_RECORDS PROVIDED_

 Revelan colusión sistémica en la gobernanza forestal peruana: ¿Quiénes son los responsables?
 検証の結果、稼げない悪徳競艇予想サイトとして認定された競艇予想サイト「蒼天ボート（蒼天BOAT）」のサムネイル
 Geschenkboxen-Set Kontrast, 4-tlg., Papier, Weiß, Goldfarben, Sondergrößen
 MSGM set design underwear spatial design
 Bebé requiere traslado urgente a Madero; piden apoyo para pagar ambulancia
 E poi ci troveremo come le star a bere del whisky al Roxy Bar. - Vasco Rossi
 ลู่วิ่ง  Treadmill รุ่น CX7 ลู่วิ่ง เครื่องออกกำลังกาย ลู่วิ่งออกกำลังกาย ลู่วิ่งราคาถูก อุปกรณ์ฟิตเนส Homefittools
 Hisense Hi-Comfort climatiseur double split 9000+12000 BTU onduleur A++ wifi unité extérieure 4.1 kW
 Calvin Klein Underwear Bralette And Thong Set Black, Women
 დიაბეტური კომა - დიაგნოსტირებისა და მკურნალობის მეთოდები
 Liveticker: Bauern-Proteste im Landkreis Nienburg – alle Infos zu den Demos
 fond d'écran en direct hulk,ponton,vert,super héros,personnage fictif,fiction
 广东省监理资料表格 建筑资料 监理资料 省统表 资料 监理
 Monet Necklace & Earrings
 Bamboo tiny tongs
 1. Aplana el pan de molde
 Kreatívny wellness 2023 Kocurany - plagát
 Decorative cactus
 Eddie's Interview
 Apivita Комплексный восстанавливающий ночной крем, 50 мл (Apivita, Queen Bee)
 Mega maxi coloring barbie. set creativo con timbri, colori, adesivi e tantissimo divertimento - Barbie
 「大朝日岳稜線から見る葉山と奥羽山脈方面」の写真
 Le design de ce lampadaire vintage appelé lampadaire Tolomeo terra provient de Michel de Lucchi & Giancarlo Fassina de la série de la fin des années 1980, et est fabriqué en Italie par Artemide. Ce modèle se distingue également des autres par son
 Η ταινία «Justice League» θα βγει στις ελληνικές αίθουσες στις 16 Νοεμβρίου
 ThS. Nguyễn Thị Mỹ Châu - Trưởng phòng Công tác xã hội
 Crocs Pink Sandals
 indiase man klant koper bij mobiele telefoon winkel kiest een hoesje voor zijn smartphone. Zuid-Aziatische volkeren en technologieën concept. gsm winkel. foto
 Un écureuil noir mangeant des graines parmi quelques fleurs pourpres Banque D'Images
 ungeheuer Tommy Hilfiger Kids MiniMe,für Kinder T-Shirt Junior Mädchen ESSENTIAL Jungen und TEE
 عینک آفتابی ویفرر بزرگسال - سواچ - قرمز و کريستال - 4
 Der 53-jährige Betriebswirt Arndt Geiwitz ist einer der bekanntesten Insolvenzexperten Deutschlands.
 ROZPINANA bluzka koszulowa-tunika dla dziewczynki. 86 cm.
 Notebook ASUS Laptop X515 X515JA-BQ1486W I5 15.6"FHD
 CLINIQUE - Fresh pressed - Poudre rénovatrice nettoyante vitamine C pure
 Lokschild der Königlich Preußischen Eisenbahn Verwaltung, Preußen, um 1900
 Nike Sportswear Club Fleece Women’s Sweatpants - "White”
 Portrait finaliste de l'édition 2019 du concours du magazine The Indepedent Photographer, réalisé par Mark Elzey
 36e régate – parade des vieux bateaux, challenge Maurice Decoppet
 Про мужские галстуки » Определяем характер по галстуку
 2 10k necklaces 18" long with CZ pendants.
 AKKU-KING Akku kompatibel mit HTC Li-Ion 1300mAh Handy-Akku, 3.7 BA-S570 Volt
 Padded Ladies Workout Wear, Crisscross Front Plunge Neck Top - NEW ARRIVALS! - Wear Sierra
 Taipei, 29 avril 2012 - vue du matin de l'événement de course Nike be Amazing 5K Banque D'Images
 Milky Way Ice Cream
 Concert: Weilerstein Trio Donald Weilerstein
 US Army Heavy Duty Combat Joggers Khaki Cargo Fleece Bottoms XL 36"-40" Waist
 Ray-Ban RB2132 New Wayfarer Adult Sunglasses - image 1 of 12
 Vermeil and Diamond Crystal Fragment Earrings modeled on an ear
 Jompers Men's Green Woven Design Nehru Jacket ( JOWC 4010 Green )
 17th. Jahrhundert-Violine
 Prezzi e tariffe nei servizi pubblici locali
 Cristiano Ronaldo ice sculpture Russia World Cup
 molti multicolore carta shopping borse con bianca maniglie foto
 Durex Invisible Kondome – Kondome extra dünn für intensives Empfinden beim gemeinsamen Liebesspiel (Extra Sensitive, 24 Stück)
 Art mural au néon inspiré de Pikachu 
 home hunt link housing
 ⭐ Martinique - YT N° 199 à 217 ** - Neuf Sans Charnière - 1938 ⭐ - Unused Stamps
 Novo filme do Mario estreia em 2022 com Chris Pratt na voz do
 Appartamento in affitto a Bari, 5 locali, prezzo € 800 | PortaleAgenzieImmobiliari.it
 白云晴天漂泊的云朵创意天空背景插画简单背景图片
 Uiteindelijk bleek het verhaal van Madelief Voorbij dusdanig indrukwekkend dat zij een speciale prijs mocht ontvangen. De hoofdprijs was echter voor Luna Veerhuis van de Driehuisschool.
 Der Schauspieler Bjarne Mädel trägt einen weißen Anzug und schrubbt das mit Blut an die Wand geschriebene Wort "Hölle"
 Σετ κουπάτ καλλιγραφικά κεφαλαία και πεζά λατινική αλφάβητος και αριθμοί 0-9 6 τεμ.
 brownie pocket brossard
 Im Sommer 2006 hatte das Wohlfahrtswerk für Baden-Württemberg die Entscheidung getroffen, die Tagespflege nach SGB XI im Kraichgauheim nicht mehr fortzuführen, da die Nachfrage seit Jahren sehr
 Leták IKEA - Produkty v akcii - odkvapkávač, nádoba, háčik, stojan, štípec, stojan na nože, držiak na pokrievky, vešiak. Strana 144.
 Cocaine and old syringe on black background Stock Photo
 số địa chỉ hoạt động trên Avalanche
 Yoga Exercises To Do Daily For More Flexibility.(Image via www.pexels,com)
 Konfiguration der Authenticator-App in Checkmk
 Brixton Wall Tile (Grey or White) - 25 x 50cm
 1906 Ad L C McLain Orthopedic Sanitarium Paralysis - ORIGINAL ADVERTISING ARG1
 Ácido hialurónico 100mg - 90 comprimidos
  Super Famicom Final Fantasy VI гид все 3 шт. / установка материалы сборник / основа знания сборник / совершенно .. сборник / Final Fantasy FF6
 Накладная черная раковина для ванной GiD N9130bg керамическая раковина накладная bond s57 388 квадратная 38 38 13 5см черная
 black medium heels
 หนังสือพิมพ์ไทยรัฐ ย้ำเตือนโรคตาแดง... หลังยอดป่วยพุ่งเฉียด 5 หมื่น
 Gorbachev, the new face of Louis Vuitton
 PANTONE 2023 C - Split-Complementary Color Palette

_WHAT YOU HAVE TO DO_
From the entries above, return exactly the line containing "brownie pocket brossard", the line containing "Im Sommer 2006", and all lines between, and nothing else.

_TASK ANSWER_
 brownie pocket brossard
 Im Sommer 2006 hatte das Wohlfahrtswerk für Baden-Württemberg die Entscheidung getroffen, die Tagespflege nach SGB XI im Kraichgauheim nicht mehr fortzuführen, da die Nachfrage seit Jahren sehr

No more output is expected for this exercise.